This book was presented to me by my favorite aunty who is also a creative writer and she also used to read these stories with her cousins when she was of my age.
These detective stories were written by Satyajit Ray in Bengali and Gopa Majumdar translated the stories from Bengali into English and compiled them in this book. The stories were first published in two Bengali magazines, the most respected literary magazine of India Desh and the children’s magazine Sandesh. (The Sandesh magazine was first published by Satyajit Ray’s grandfather Upendrakishore Raychowdhury in 1913 through his publishing company, M/s U. Ray and Sons.)
The stories of Feluda are very interesting and action-packed. This book is a favorite book for teenagers who like reading detective and mysterious stories.
The stories of Feluda are compiled in two volumes, and this review is about the first part.
The hero of these stories is a smart, 6 feet 2 inches tall, young investigator Pradosh C. Mitter nicknamed “Feluda” who solves complex mysteries and murder cases with the help of sharp observation, logical reasoning and deduction.
He is helped in all his adventures by his teenaged assistant Tapesh Ranjan, nicknamed Topshe. Their dear friend Lal Mohan Babu alias Jatayu, a bumbling writer of crime fiction, ably supports them in their travels and case solving.
Darjeeling serves as a great, scenic location as the mystery of ‘Danger in Darjeeling’ goes through its twists and turns
The stories are set in varied locations, from Varanasi to Gangtok, from Jaisalmer to Darjeeling, from Kathmandu to Ellora, and of course, the hometown of Feluda, Kolkata.

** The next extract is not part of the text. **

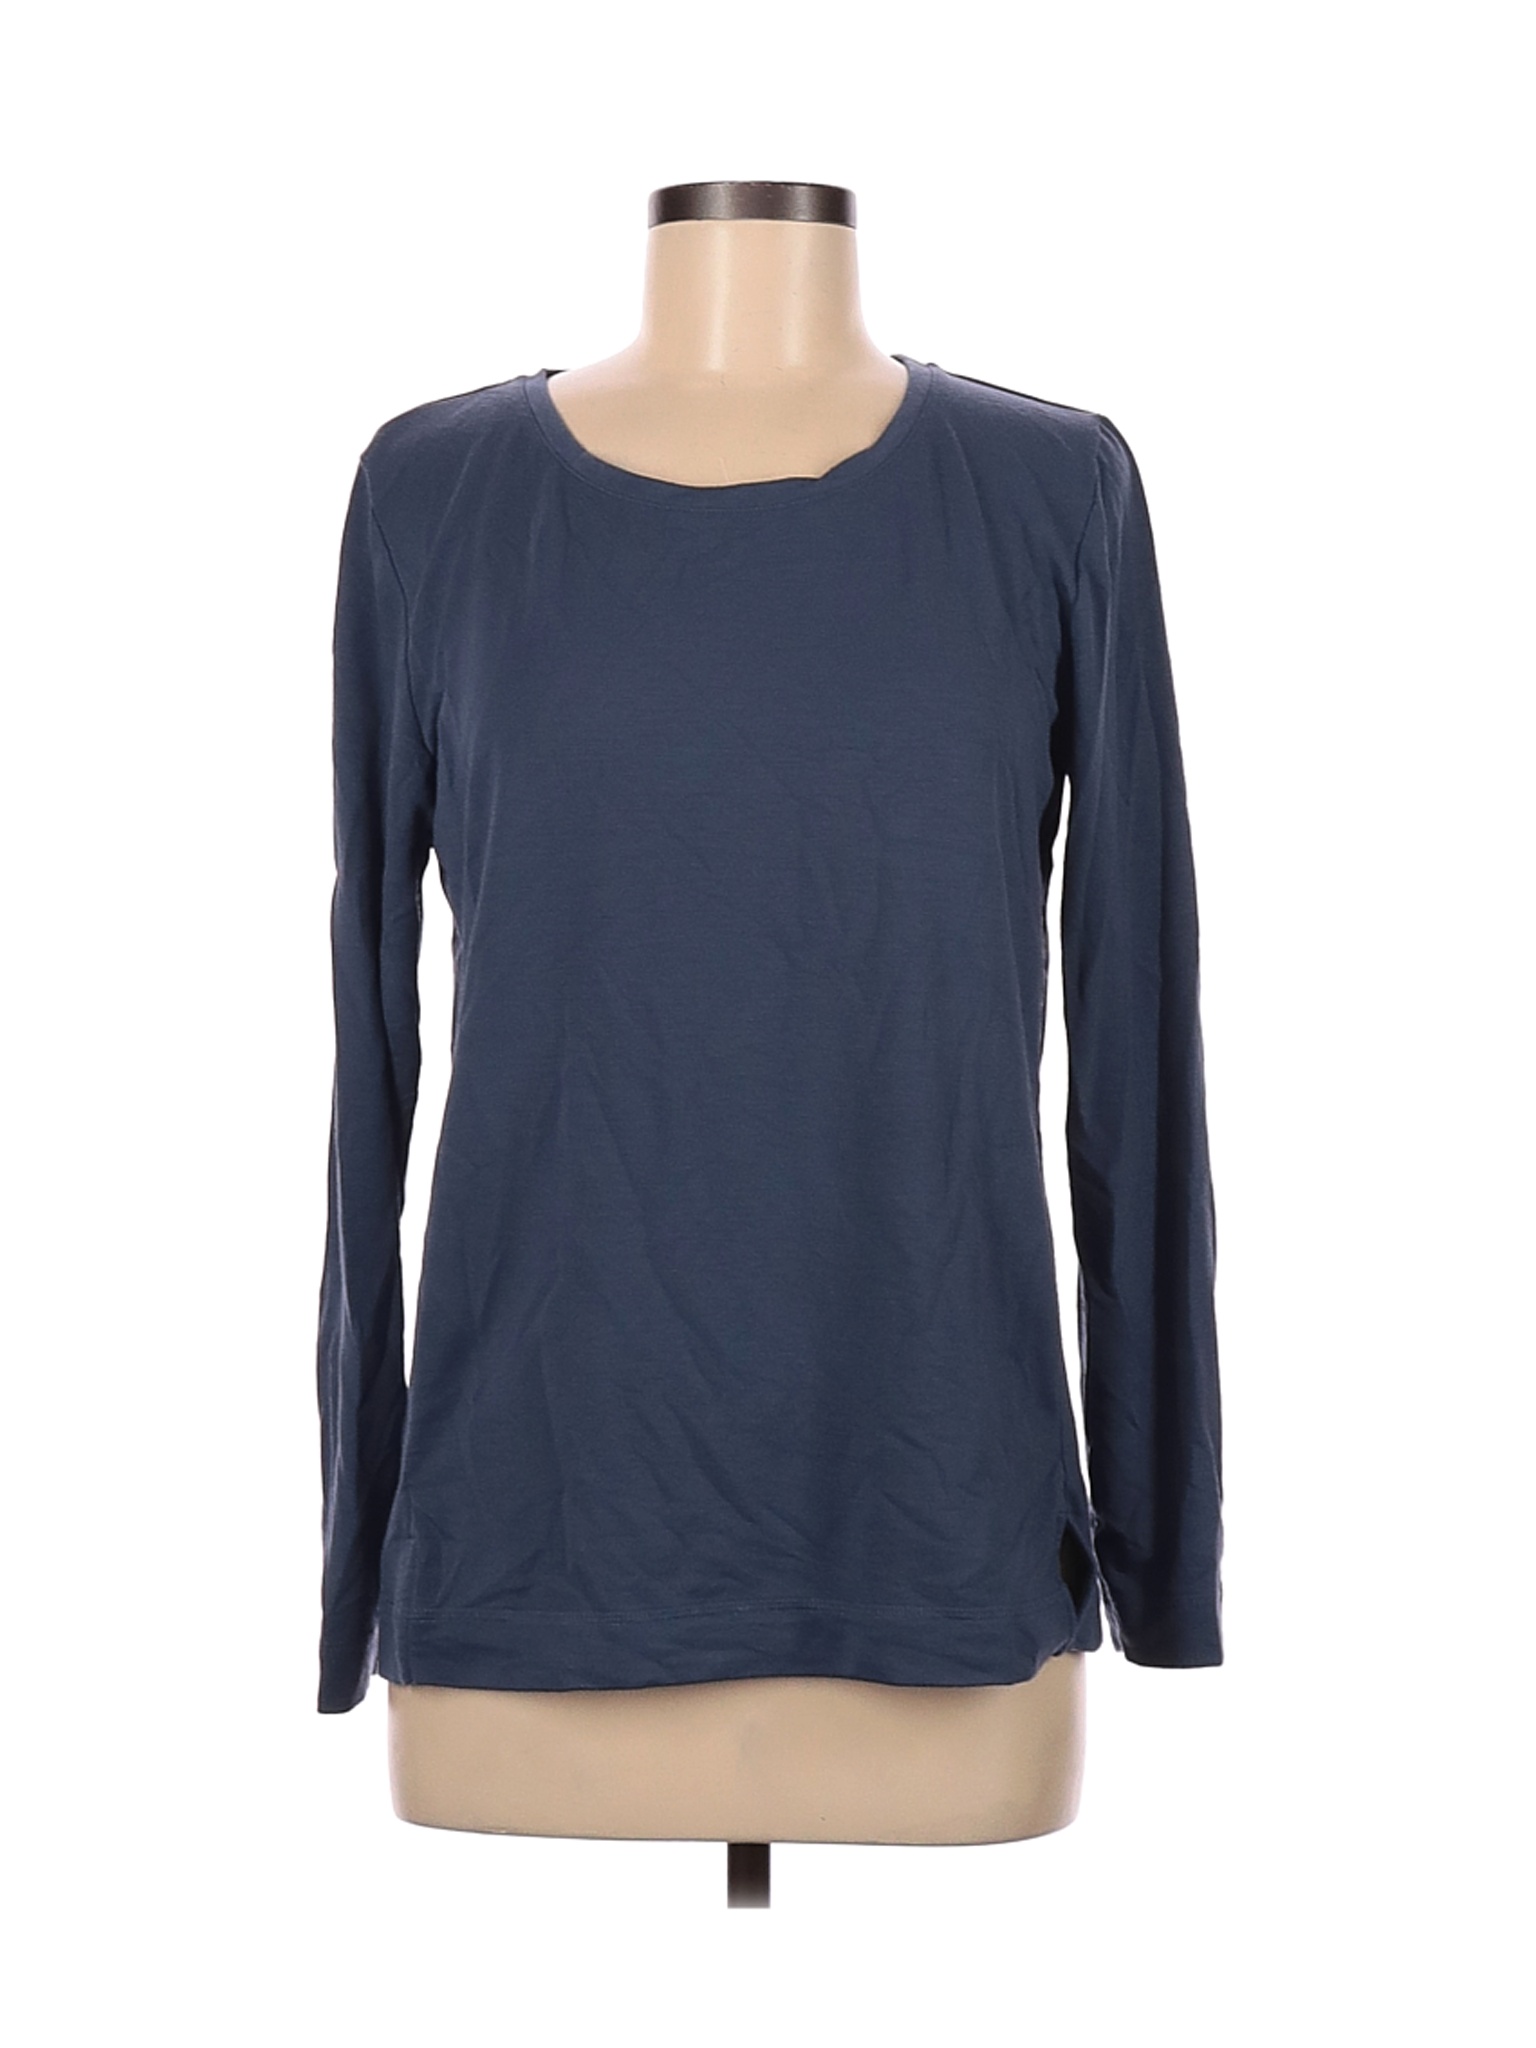 Hue Women Blue Long Sleeve T-Shirt S | eBay

The plots involve murder, intrigue and adventure narrated in a racy, humorous style. It is a very entertaining book, to say the least.
There are many stories such as the “The Trouble in Gangtok” where Feluda has to go to Gangtok to solve a mystery. Next in the collection is “A Killer In Kailash”.
The third one is “The Royal Bengal Mystery” which unravels an ancient India riddle resulting in a spine-chilling jungle encounter with a deadly man-eater.
There are many more interesting stories, out of them “Danger in Darjeeling” is my favorite story.
In this story, Feluda and his teenage cousin Topshe go on a trip to Darjeeling and meet an elderly friend named Rajen Babu. He gets a threat letter that says that he will soon die.
Rajen Babu takes the help of Feluda – the young and dashing detective and asks him to find out who wrote this letter.
As the mystery unfolds, the needle of suspicion moves from one person to another and there are quite a few who fall under the shadow of doubt, and the suspense on the fate of Rajen Babu hangs by a thin wire. But ultimately, a twist in the tale brings out that the most unsuspected person was behind the whole plot.
This book is unputdownable. I took it with me on my travels too as it makes the reader want to reach the end of each story and know who is the real criminal. There are many more interesting stories like this and I would recommend reading and enjoying “Feluda’s” stories to young children and people who like mysterious stories.
I am now eager to pick up the second volume of The Complete Adventures of Feluda as soon as I can. Watch this space for my review of the second volume once I read it myself. Till then, happy reading!